His horse was ready, he mounted, and he spurred off to the west, outrunning his staffofficers, and thedust spurted from behind his horse. Sharpe kept staring to the south-west, at the great plain that stretched so invitingly in front of the French, and he saw the troops come out of the dead ground and into plain view. It was a beautiful sight. Battalion after enemy Battalion had turned themselves into the order of march and they were going westward in the blistering heat. The attack on the village was supposed to do no more than pin down the British rearguard while the French left, safe in the knowledge that their foes had already marched, were now eagerly trying to outmarch them. The heat simmered the air above the plain, yet the French were full of heart, full of ambition, and they swung along the dirt tracks between the thistles and the wheat, and their weapons were slung and their hopes high. They marched further and further west, stringing the French army finer and finer, and none of them could know that their enemy was waiting, ready for battle, hidden to their north.

Hogan was replete with happiness. “We’ve got him!
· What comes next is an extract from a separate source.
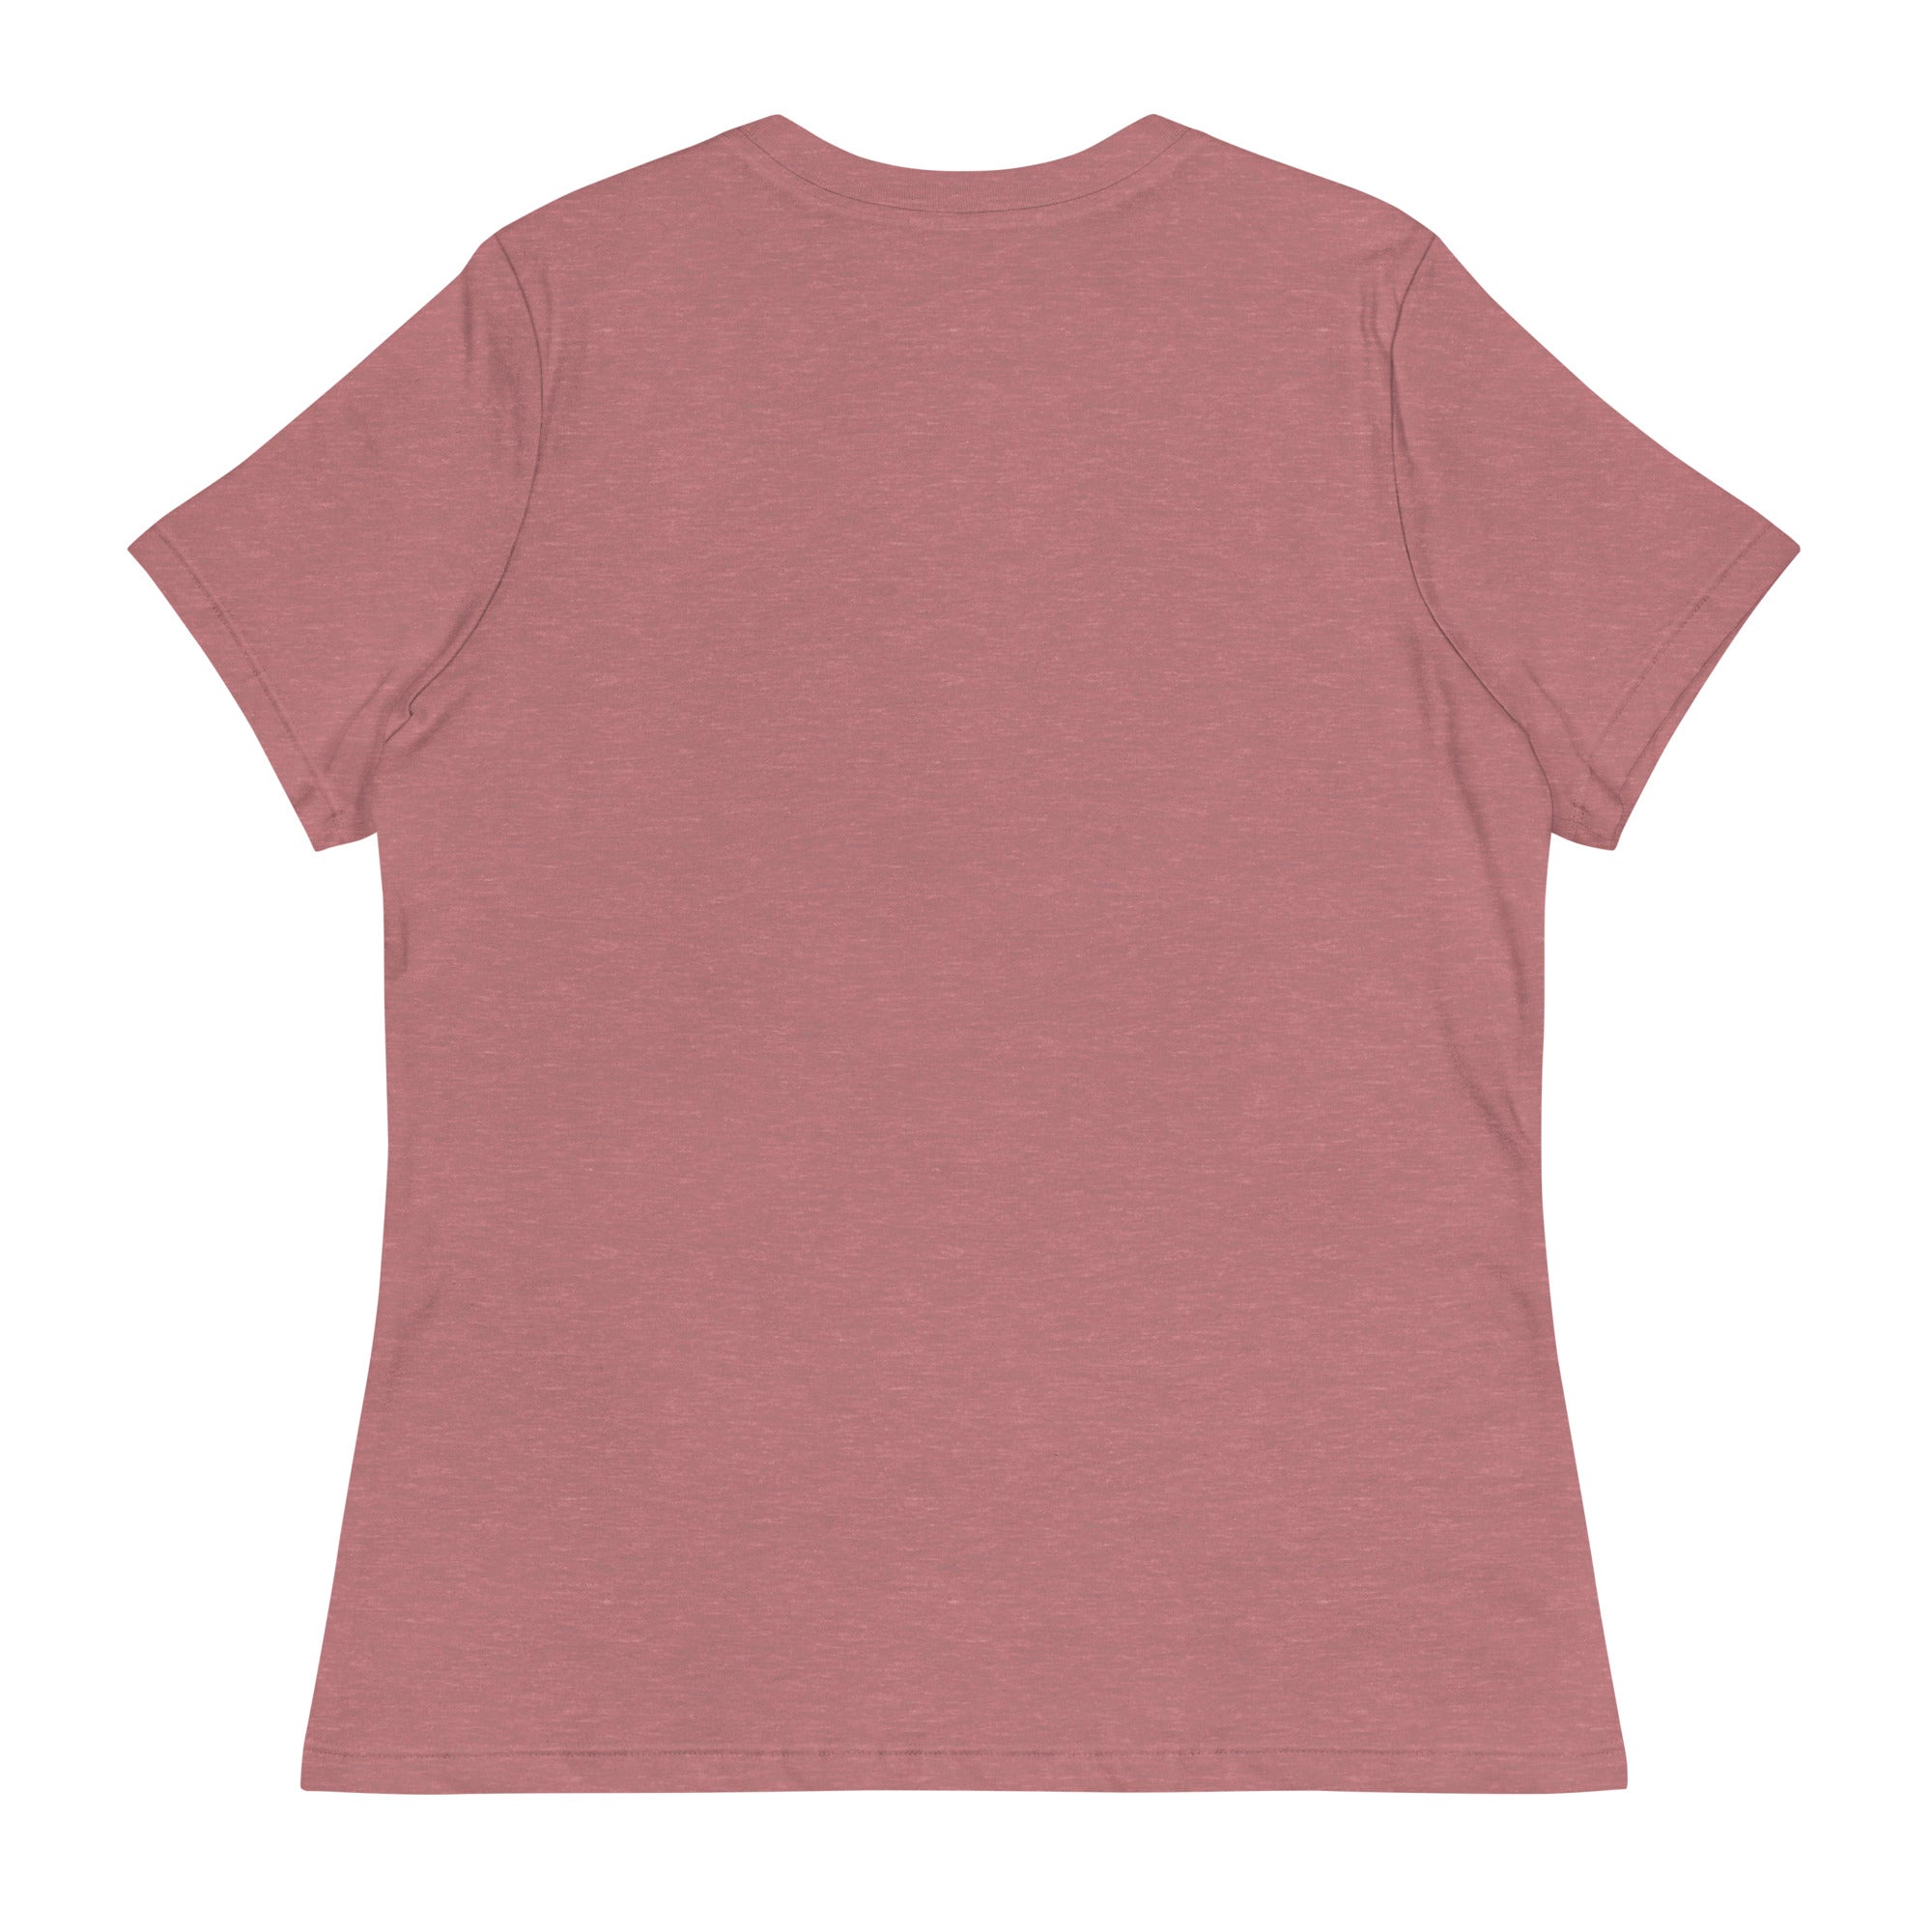 ESPRESSO - Women's Relaxed Fit Graphic T-Shirt in 16 Colors - Women's Relaxed Fit Graphic T-Shirt - DRAGON FOXX™ - 7218598_10205 - Heather Mauve - S - Athletic Heather T-shirt - Berry T-shirt - Black T-shirt

At last, Richard we’ve got him!”



CHAPTER 21



Battles rarely start quickly. They grow like grass fires. A piece of musket wadding, red hot, is spat onto grass, it smoulders, is fanned, and a hundred other such tiny sparks flicker on the dry ground. Some fade, others catch into flame and may be stamped out by an irritable skirmisher, but suddenly two will join and the wind catches the fire, blows it, swirls the smoke and then, quite suddenly, the little wadding sparks have become a raging flame that roasts the wounded and eats the dead. There was no battle yet at the Arapiles. There were sparks that could yet turn into an inferno, but the afternoon wore on and the officers watching from the farm at the southern end of the great ridge felt their elation turn to boredom. The French batteries still fired at the village over the heads of their troops who had settled in the grass and wheat, but the cannonade was slower, almost half-hearted, and the British used the lull to manhandle two guns back up the Lesser Arapile.

The afternoon smouldered. Three o’clock passed, then four, and to the men on the ridge, to the Battalions behind the ridge, the sound of battle was like a distant storm that had no effect on them. The French left wing, a quarter of the army, was marching westwards and it heard the guns behind and thought it was merely the bickering of the rearguard.

The British gunners of the Royal Horse Artillery who had dragged and forced two guns to the crest of the Lesser Arapile served their bucking monsters in the muck sweat of the heat.